When the job is complete, we can read the batch output and perform evaluations and other downstream actions.

Summary

In this post, we demonstrated how to quickly and easily make batch predictions using Autopilot-trained models for your post-training evaluations. We used SageMaker Studio to initialize an Autopilot experiment to create a model for predicting customer churn.

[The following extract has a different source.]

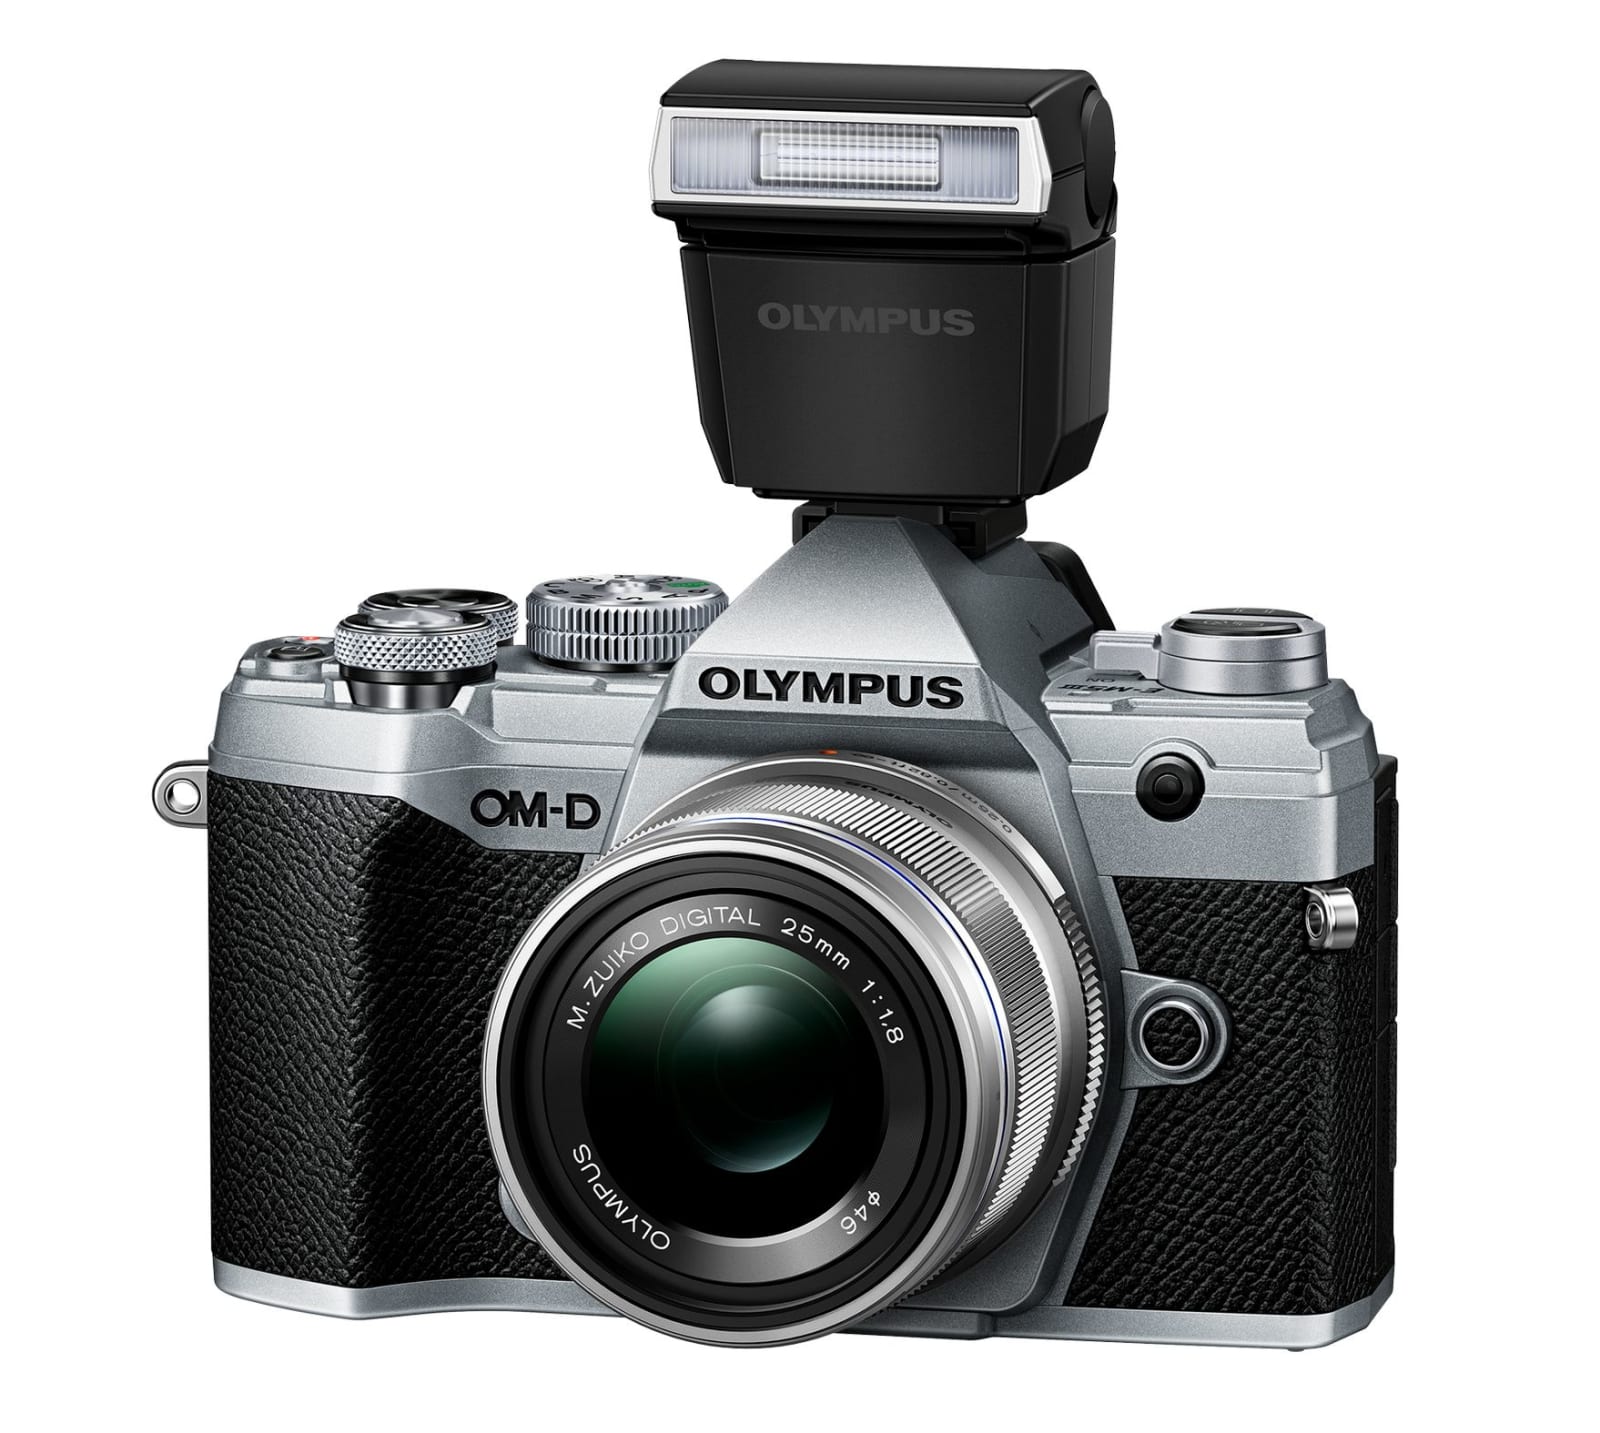 Olympus O-MD E-M5 Mark III Micro Four Thirds mirrorless camera

Then we referenced Autopilot’s best model to run batch predictions using the automl class with the SageMaker Python SDK. We also used the SDK to perform batch predictions with other model candidates. With Autopilot, we automatically explored and preprocessed our data, then created several ML models with one click, letting SageMaker take care of managing the infrastructure needed to train and tune our models. Lastly, we used batch transform to make predictions with our model using minimal code.

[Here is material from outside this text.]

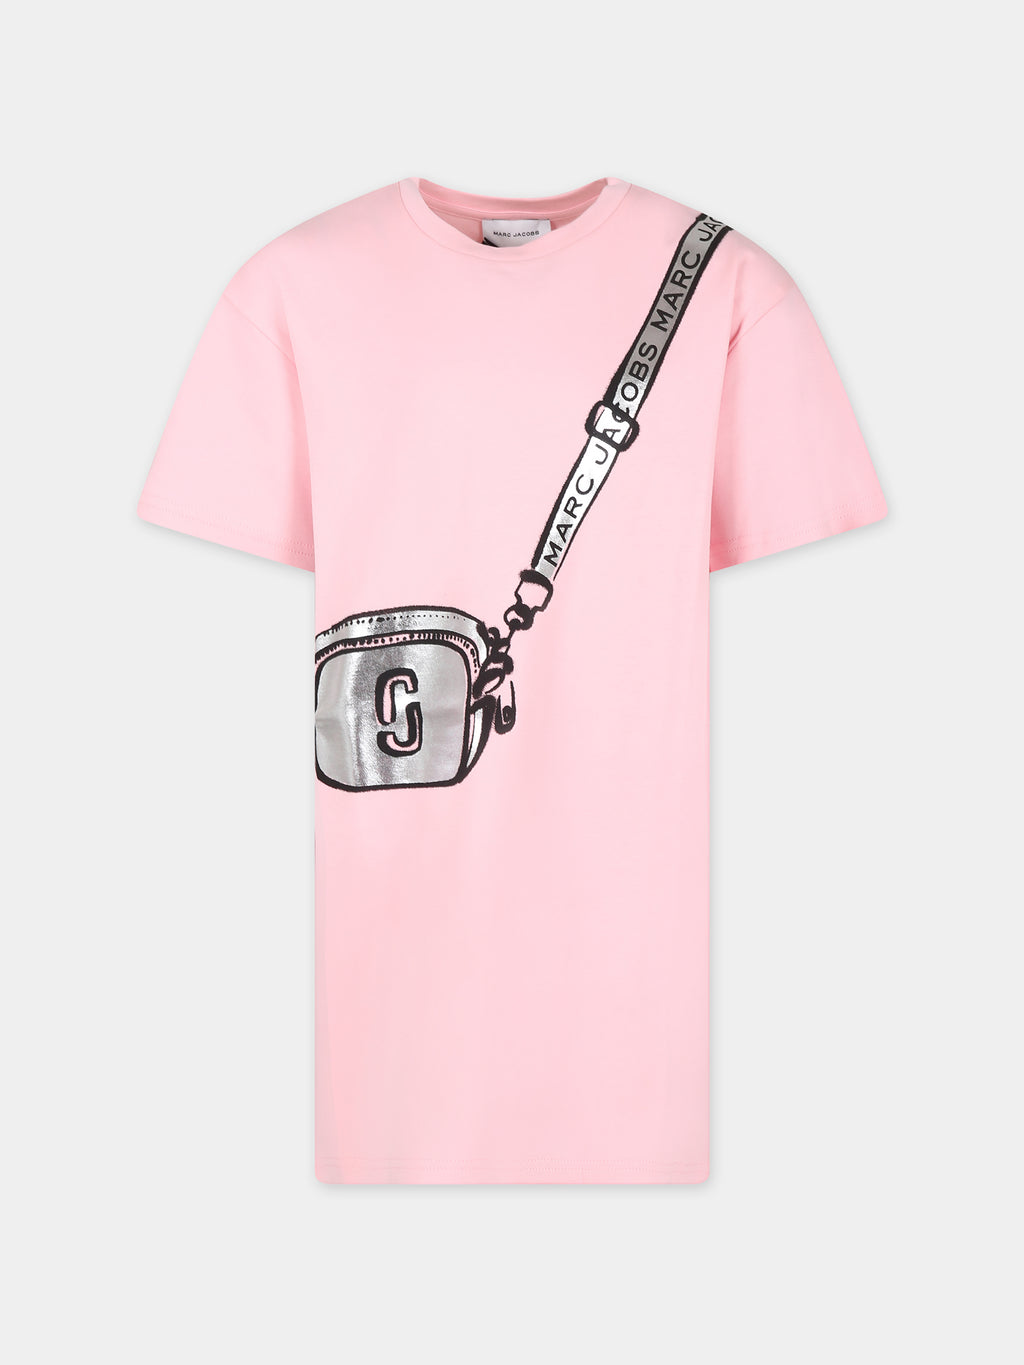 Pink dress for girl with bag print and logo

For more information on Autopilot and its advanced functionalities, refer to Automate model development with Amazon SageMaker Autopilot. For a detailed walkthrough of the example in the post, take a look at the following example notebook.


About the Authors

Arunprasath Shankar is an Artificial Intelligence and Machine Learning (AI/ML) Specialist Solutions Architect with AWS, helping global customers scale their AI solutions effectively and efficiently in the cloud. In his spare time, Arun enjoys watching sci-fi movies and listening to classical music.

Peter ChungPeter Chung is a Solutions Architect for AWS, and is passionate about helping customers uncover insights from their data. He has been building solutions to help organizations make data-driven decisions in both the public and private sectors. He holds all AWS certifications as well as two GCP certifications. He enjoys coffee, cooking, staying active, and spending time with his family.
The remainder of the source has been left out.